● **Task goal**:
Restate, exactly as written, the entries below from the line that holds "Kylie Premium Bed" through the line that holds "4 bed house". Pictures are not part of the copy.

● **Data for the task**:
────────────────────────────────────────

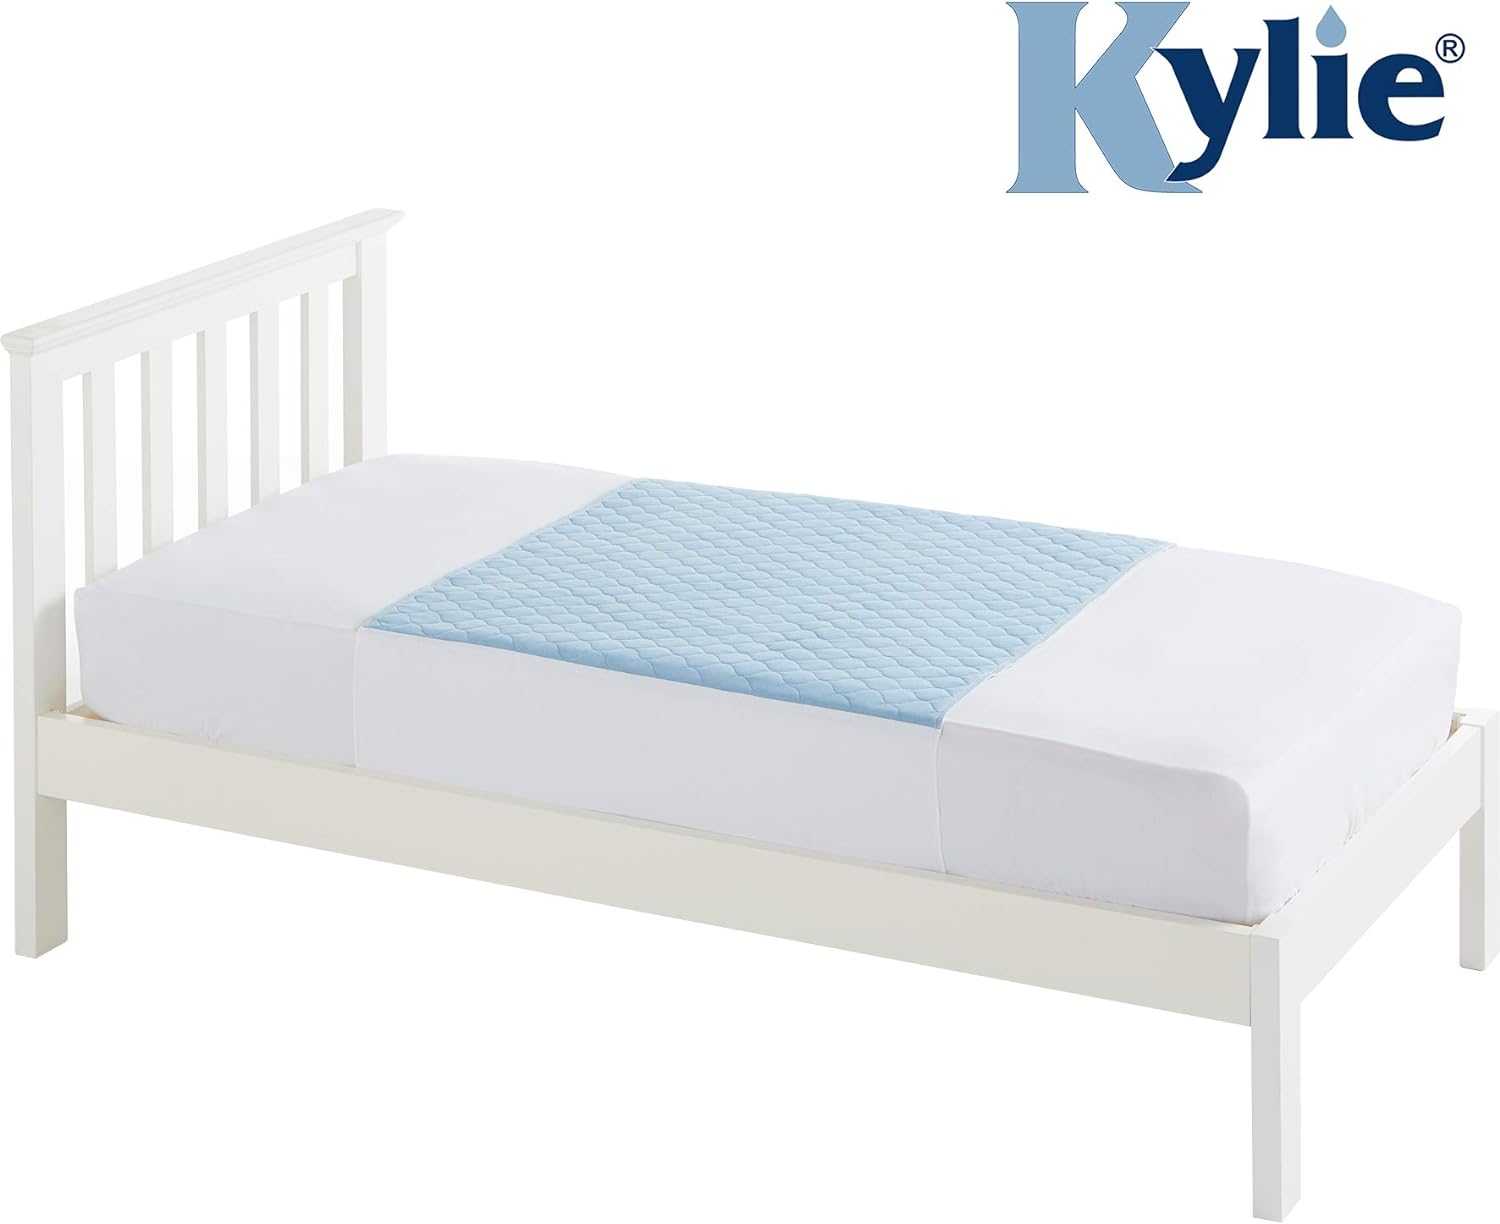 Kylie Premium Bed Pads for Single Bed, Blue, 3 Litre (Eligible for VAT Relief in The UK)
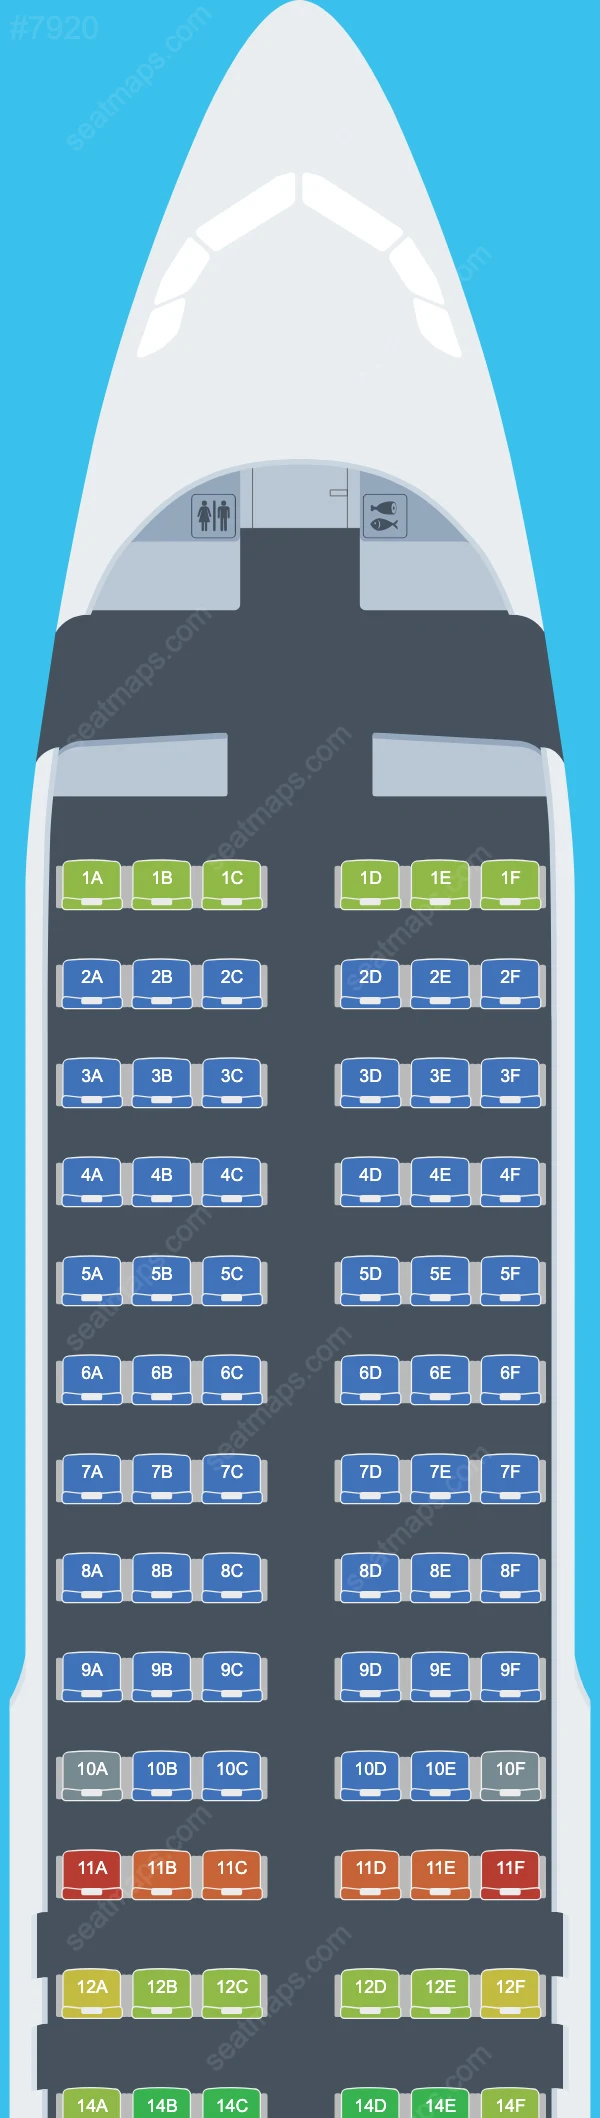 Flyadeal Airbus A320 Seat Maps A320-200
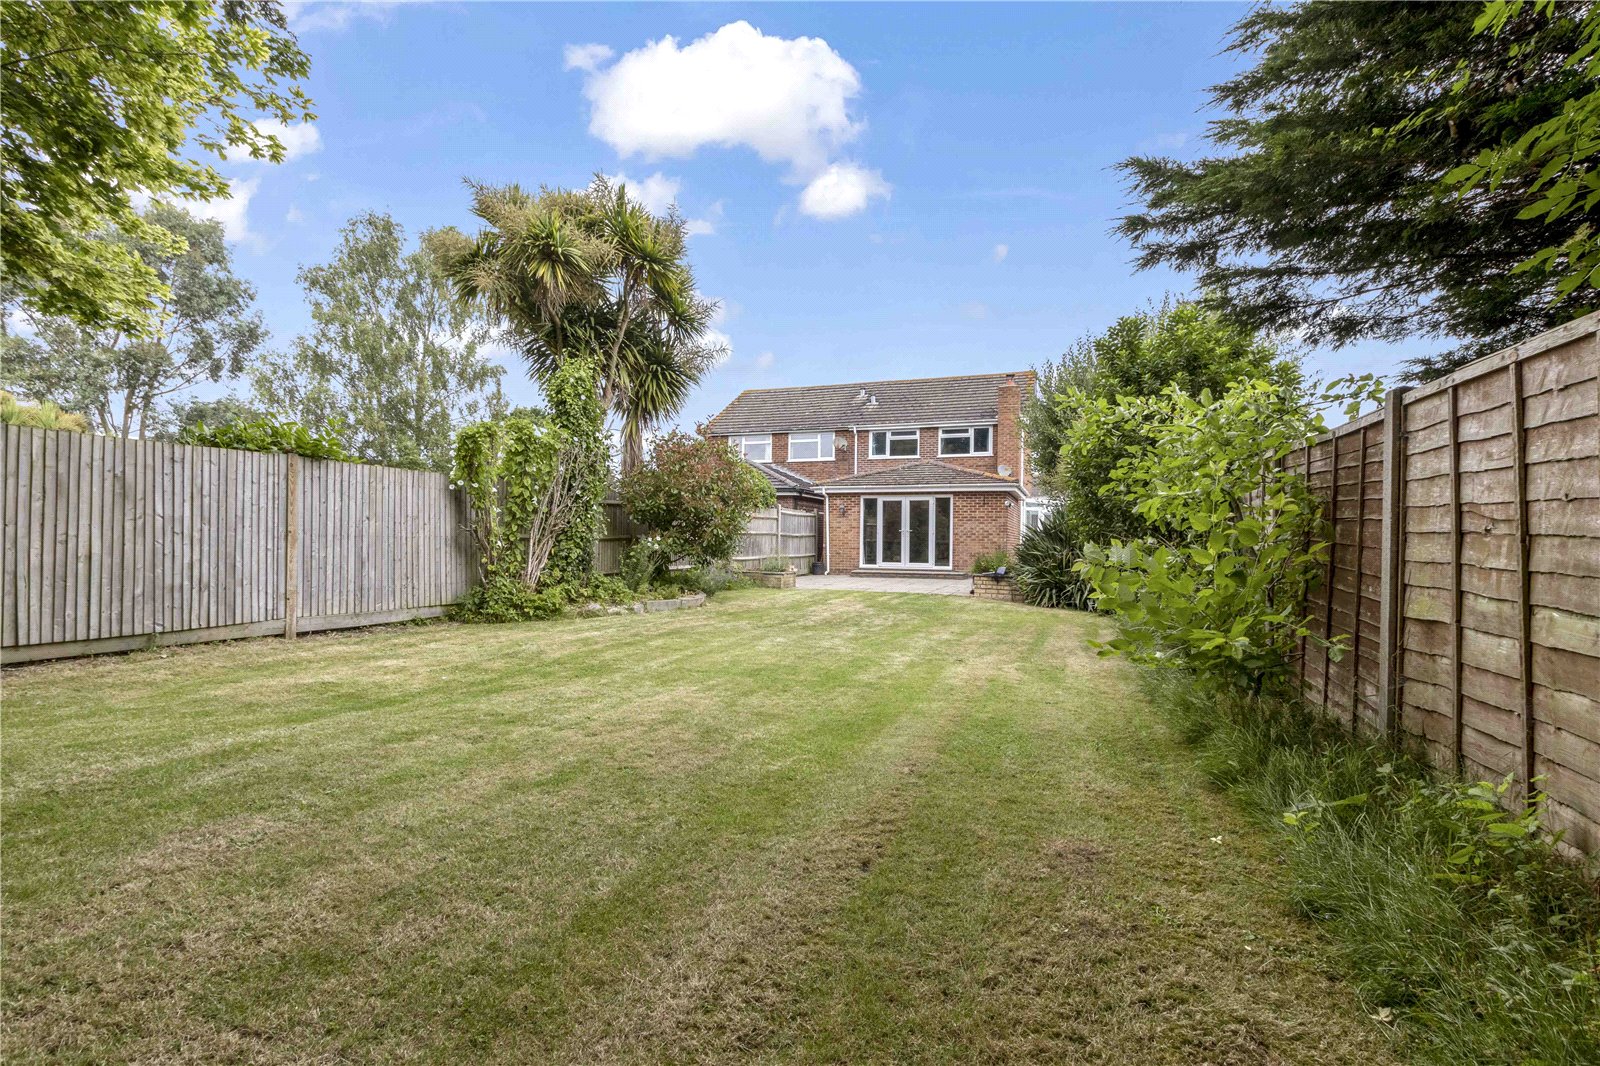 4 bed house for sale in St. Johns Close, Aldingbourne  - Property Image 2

────────────────────────────────────────

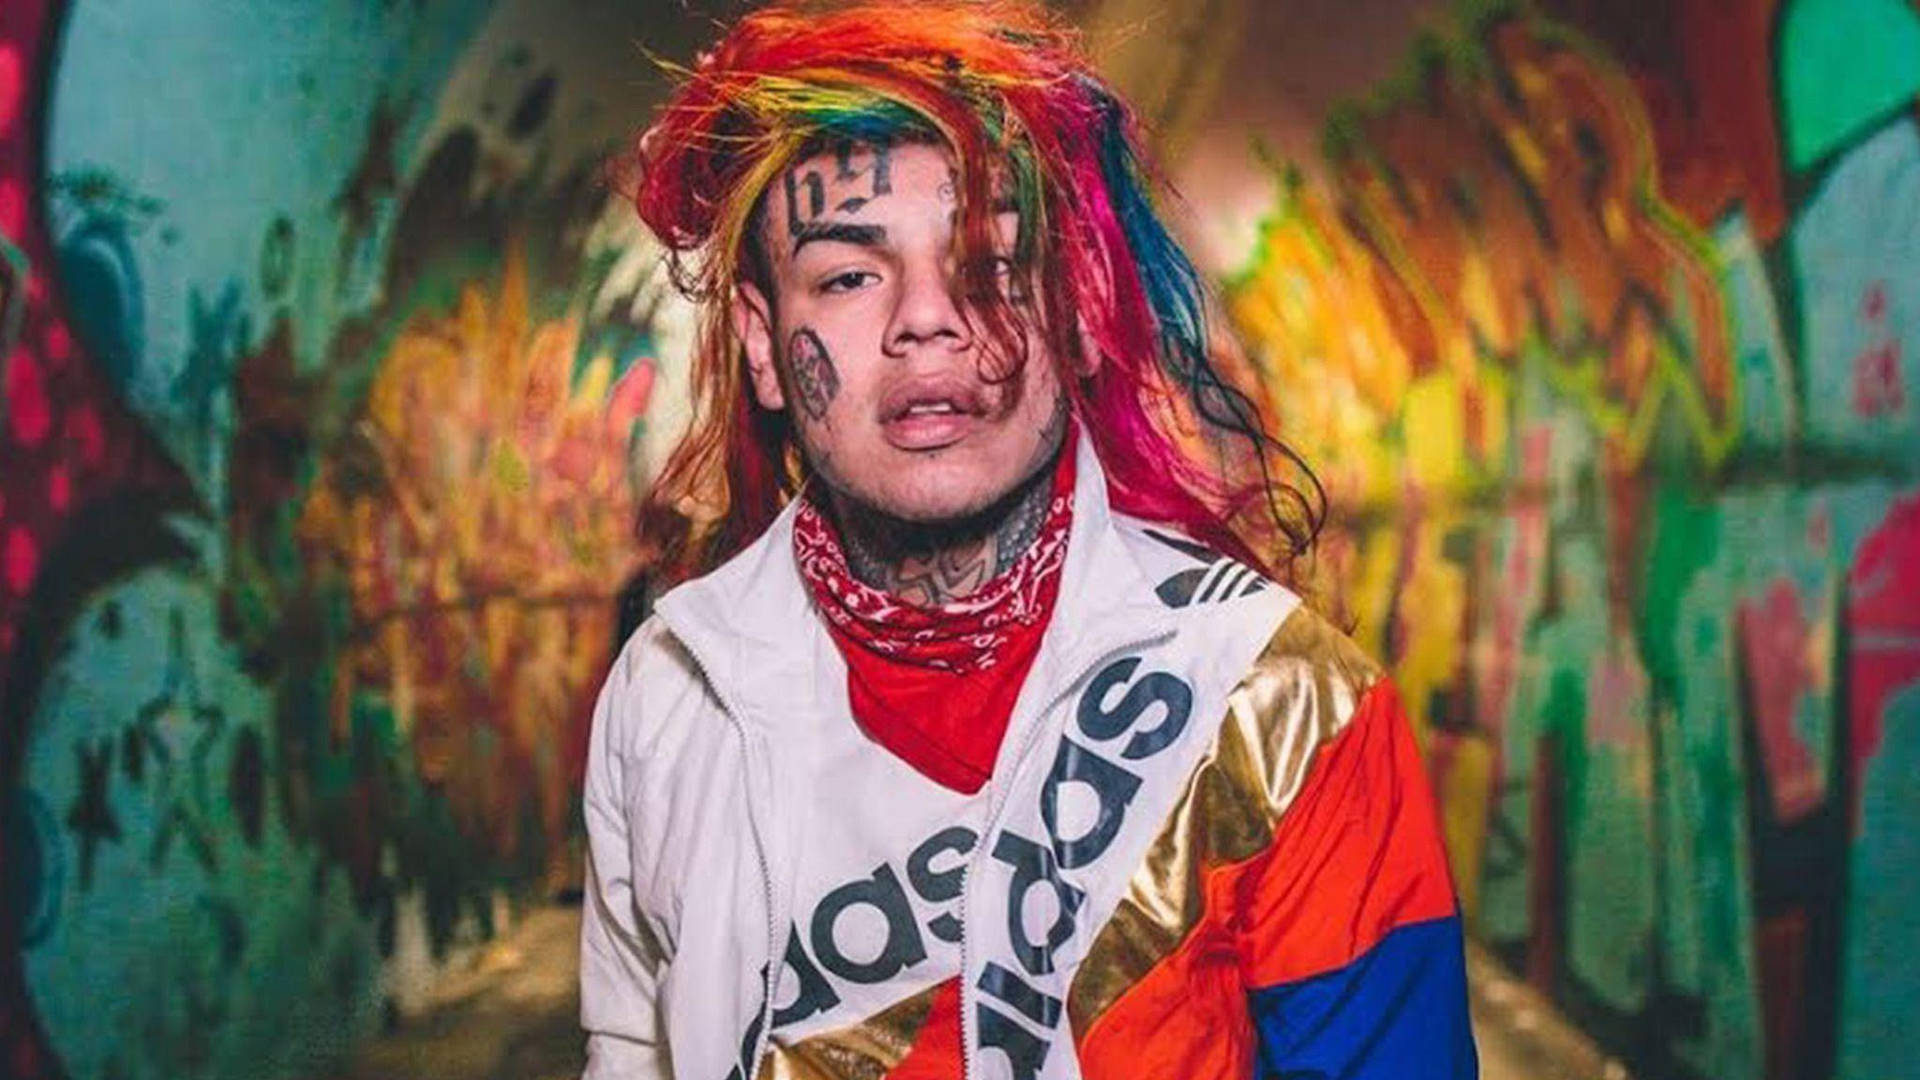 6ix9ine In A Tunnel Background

────────────────────────────────────────

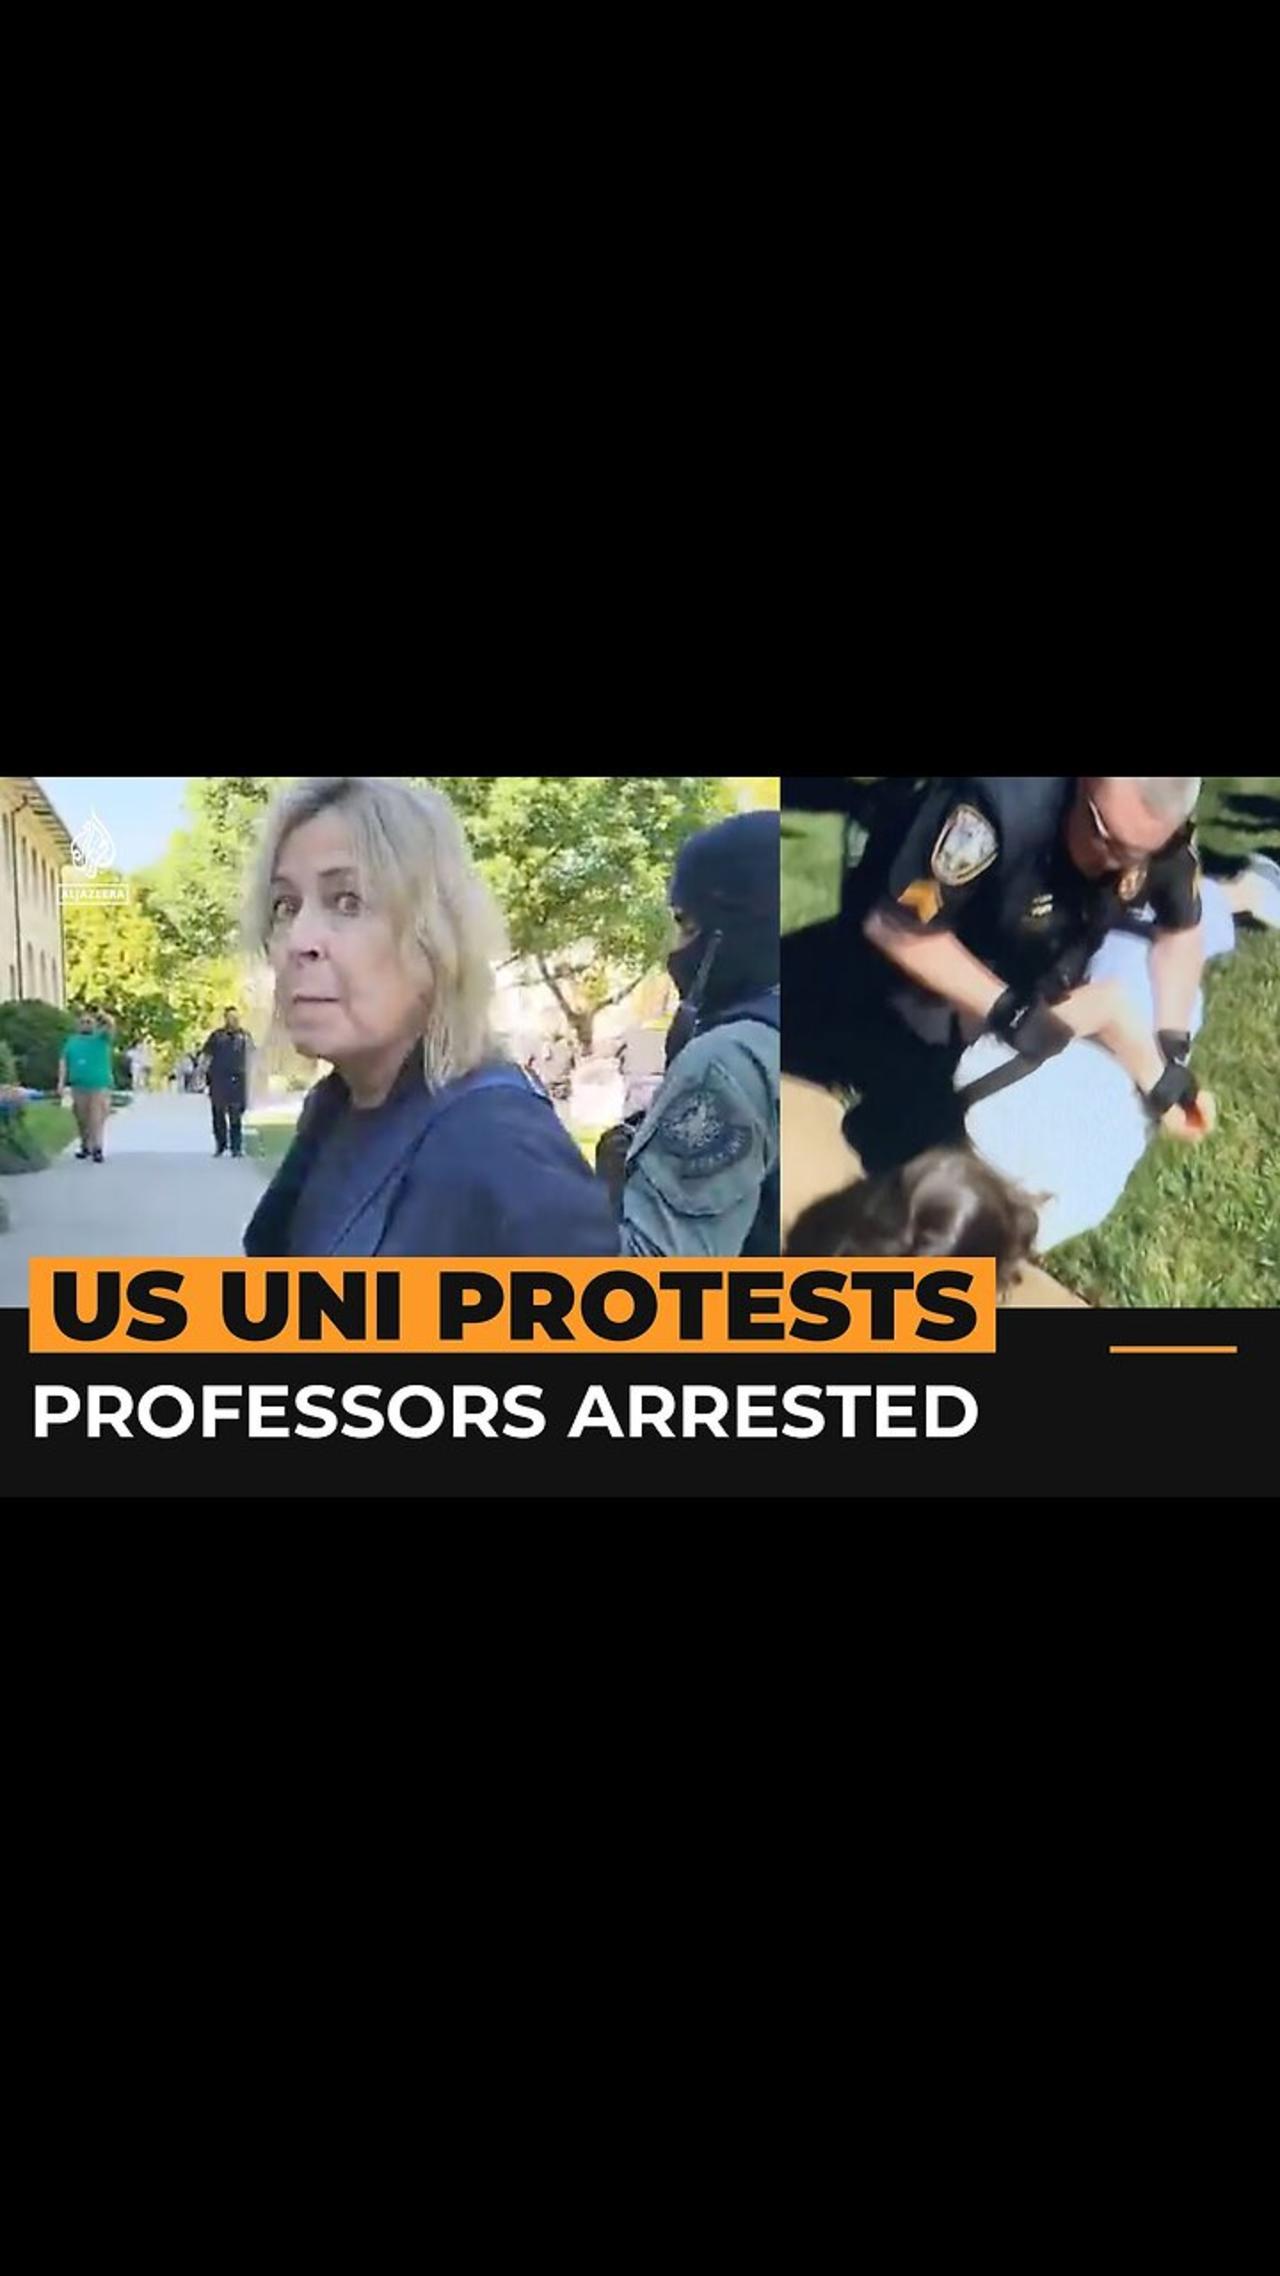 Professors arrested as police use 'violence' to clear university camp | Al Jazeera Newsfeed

────────────────────────────────────────

● **Result**:
 Kylie Premium Bed Pads for Single Bed, Blue, 3 Litre (Eligible for VAT Relief in The UK)
 Flyadeal Airbus A320 Seat Maps A320-200
 4 bed house for sale in St. Johns Close, Aldingbourne  - Property Image 2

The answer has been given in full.